DATA SECTION:
==============================
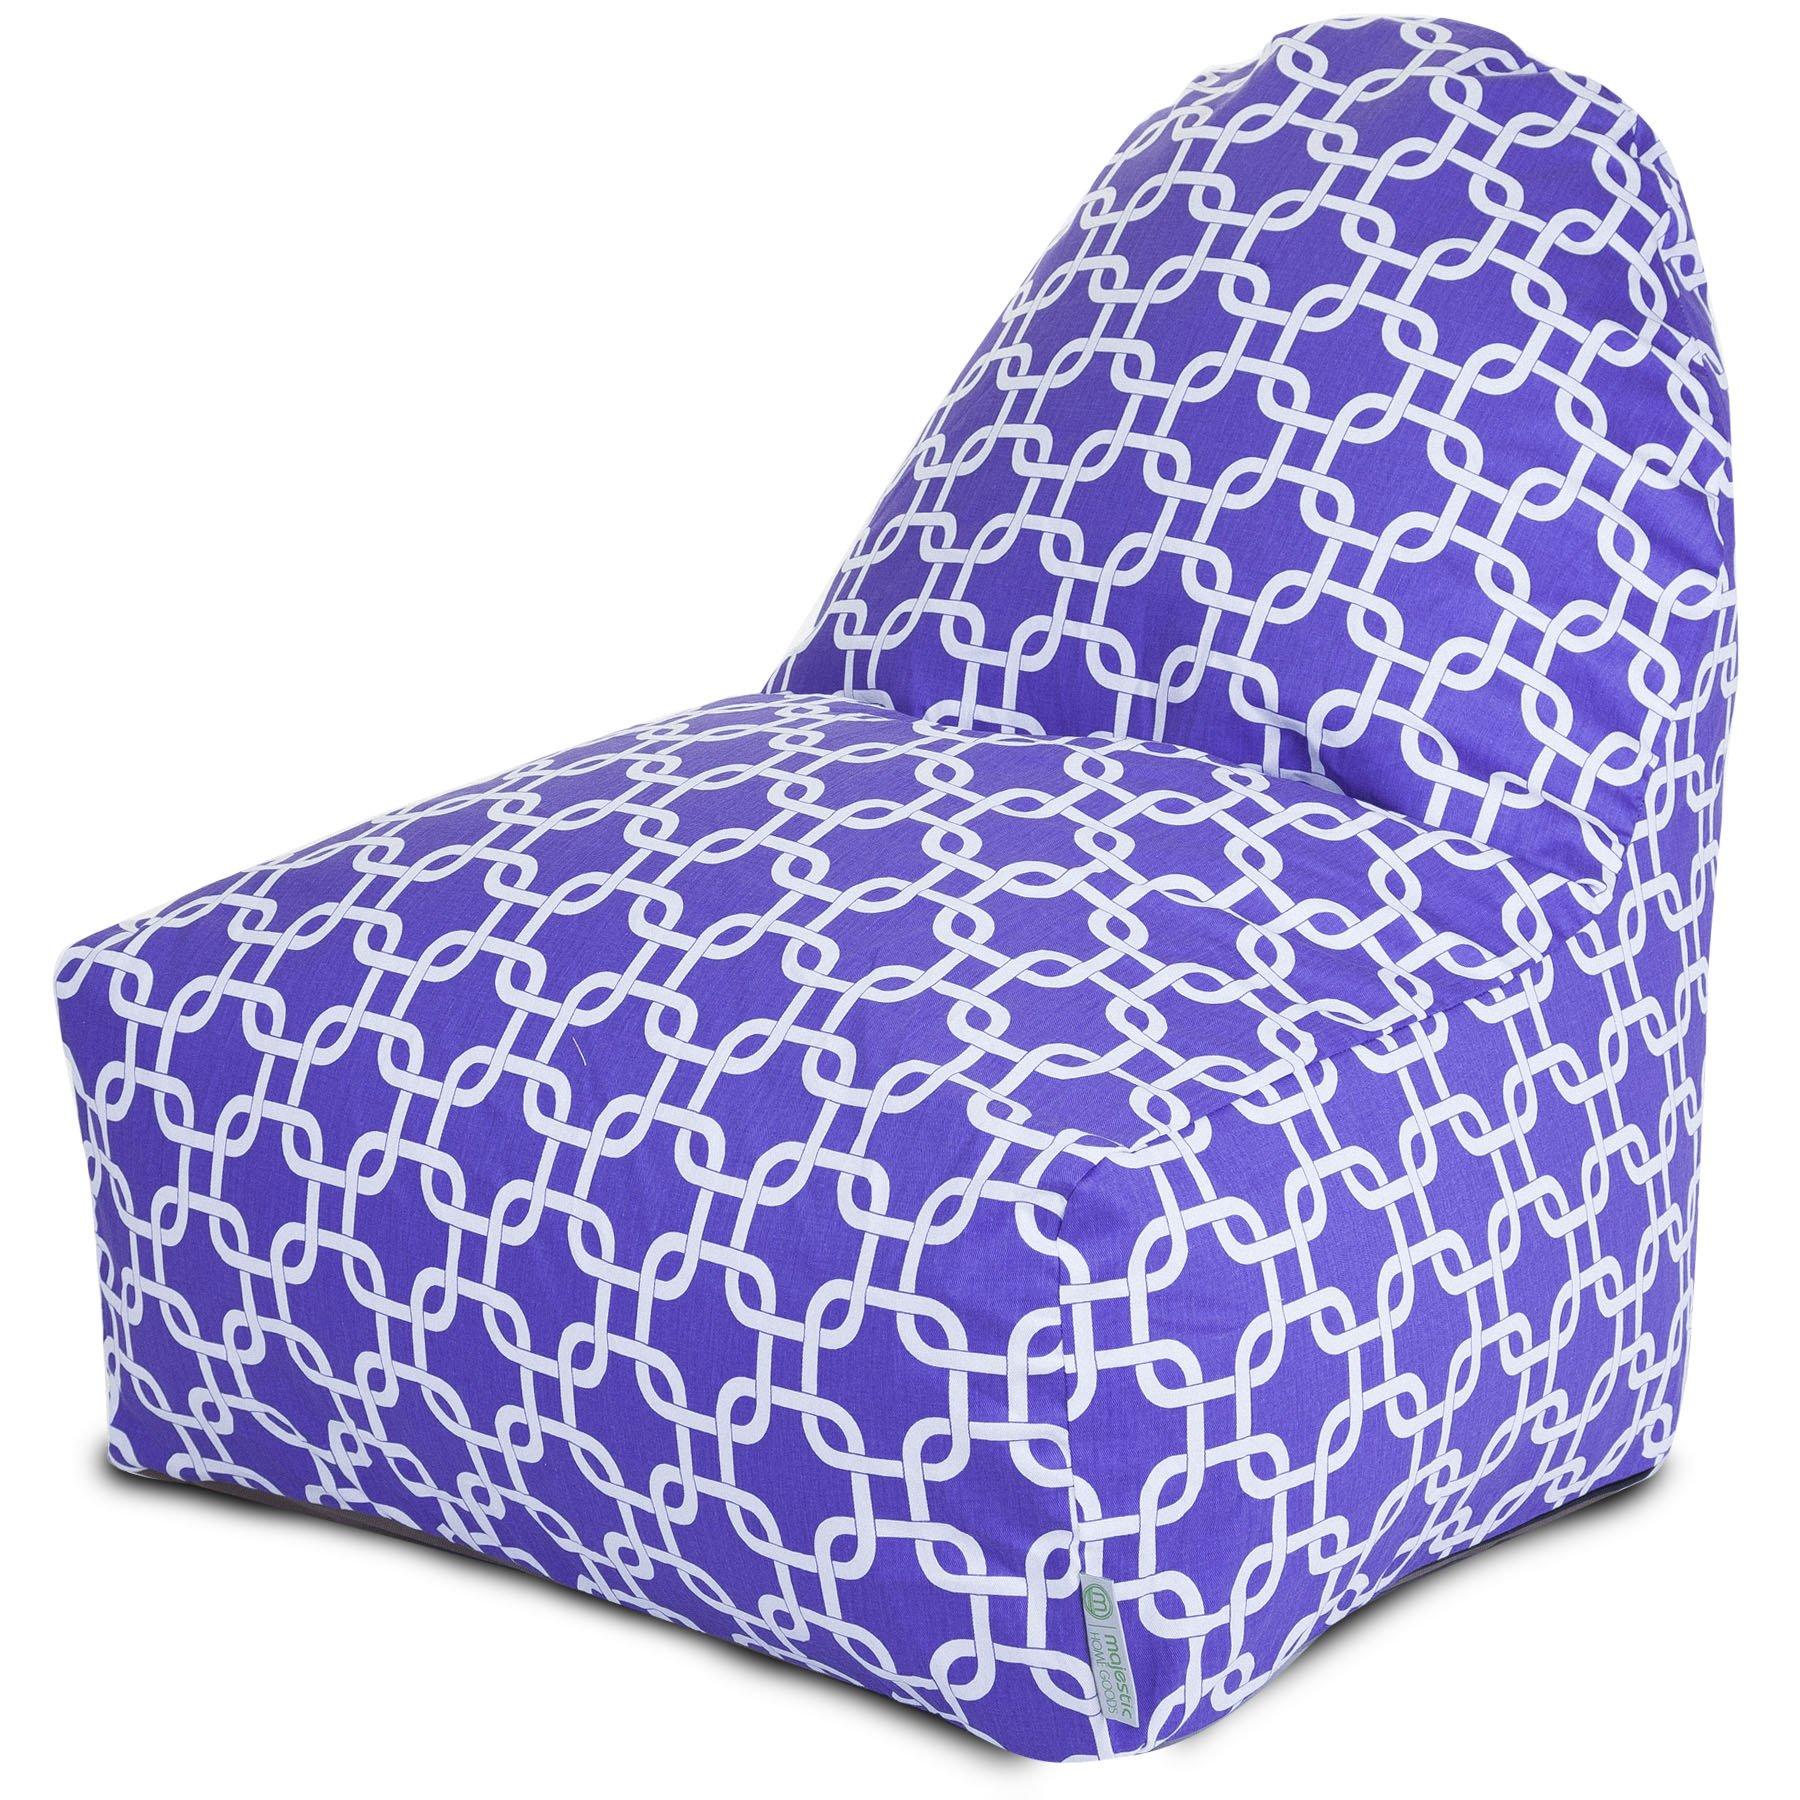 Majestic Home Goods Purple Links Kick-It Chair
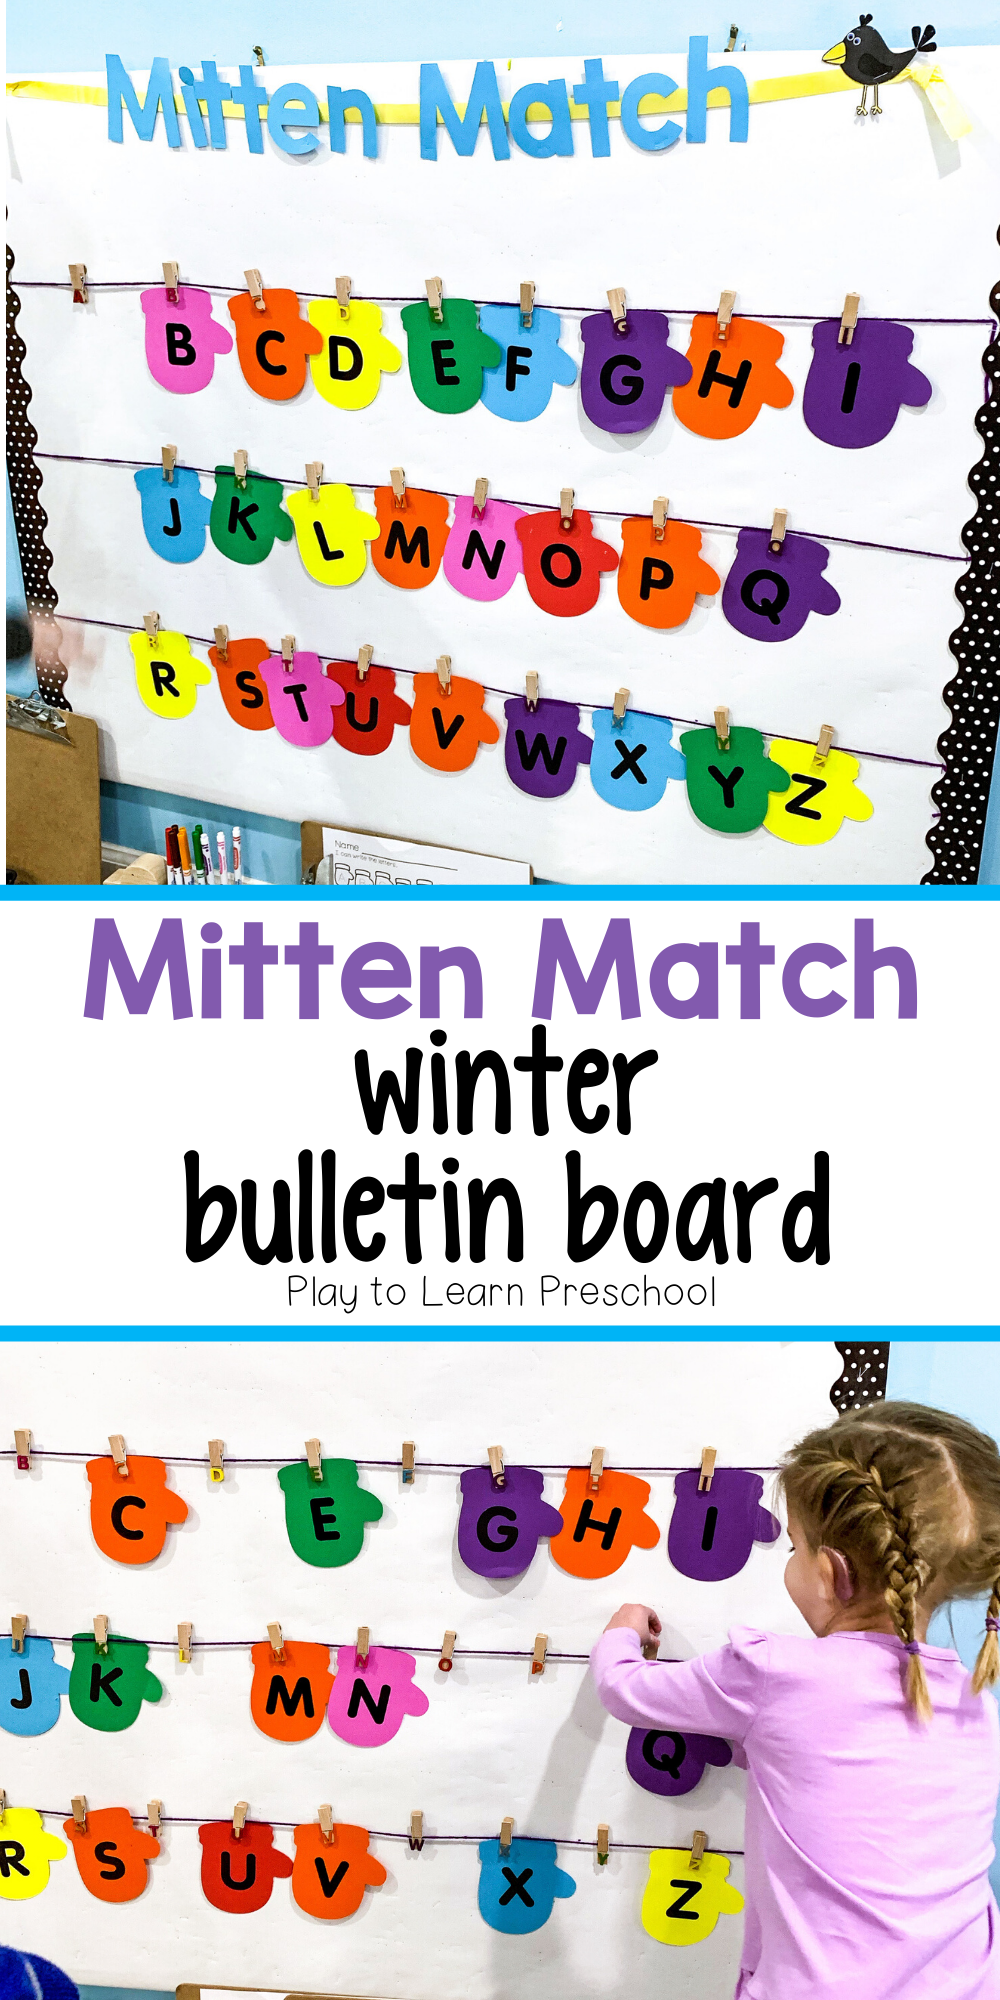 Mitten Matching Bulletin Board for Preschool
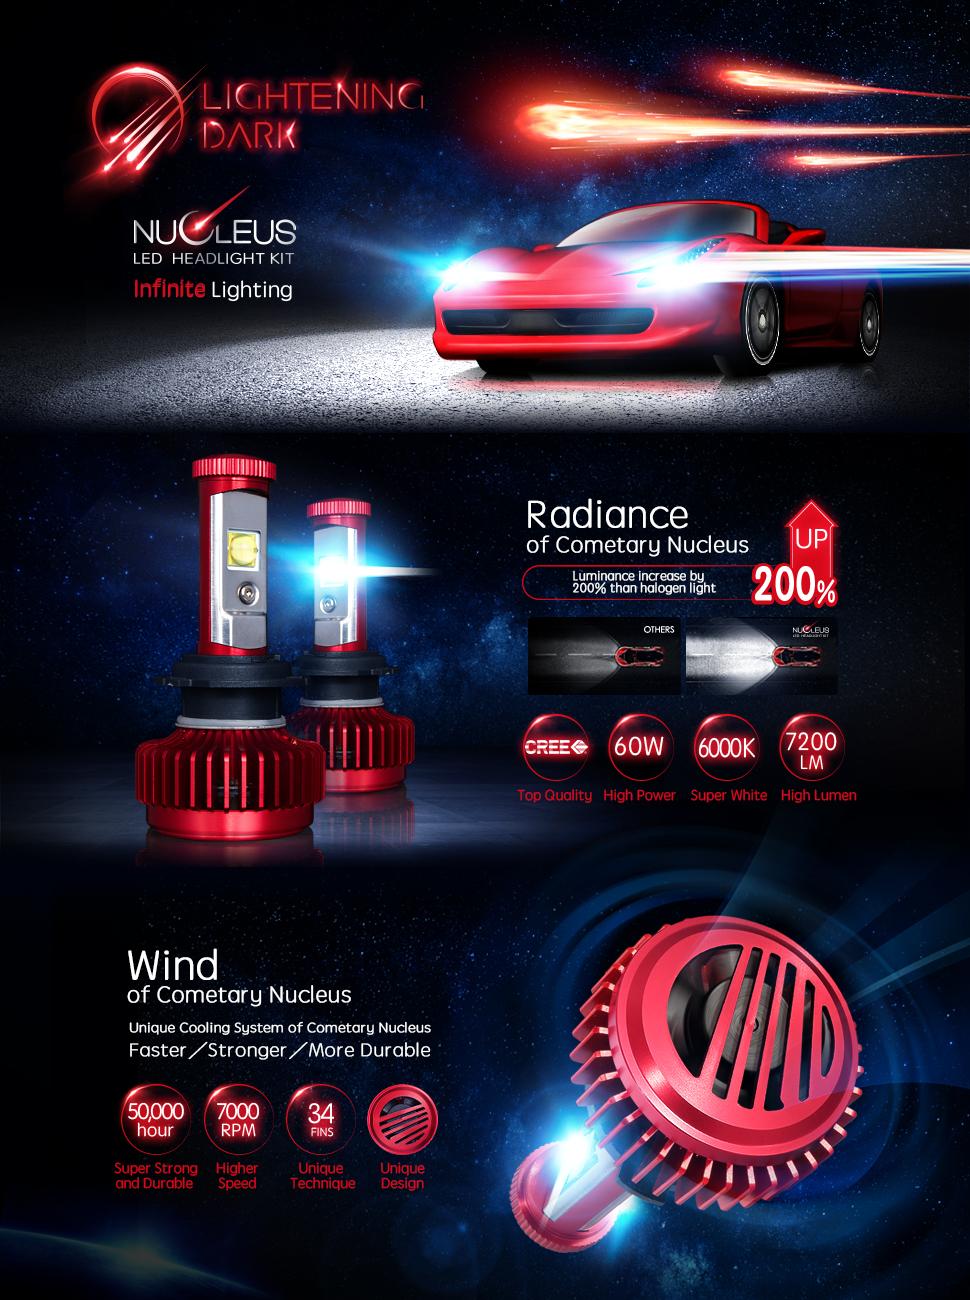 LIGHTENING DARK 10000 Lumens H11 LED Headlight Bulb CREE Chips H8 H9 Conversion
==============================
BRIEF:
Everything in the data except the pictures needs to be written out exactly.

ANSWER SPACE:
 Majestic Home Goods Purple Links Kick-It Chair
 Mitten Matching Bulletin Board for Preschool
 LIGHTENING DARK 10000 Lumens H11 LED Headlight Bulb CREE Chips H8 H9 Conversion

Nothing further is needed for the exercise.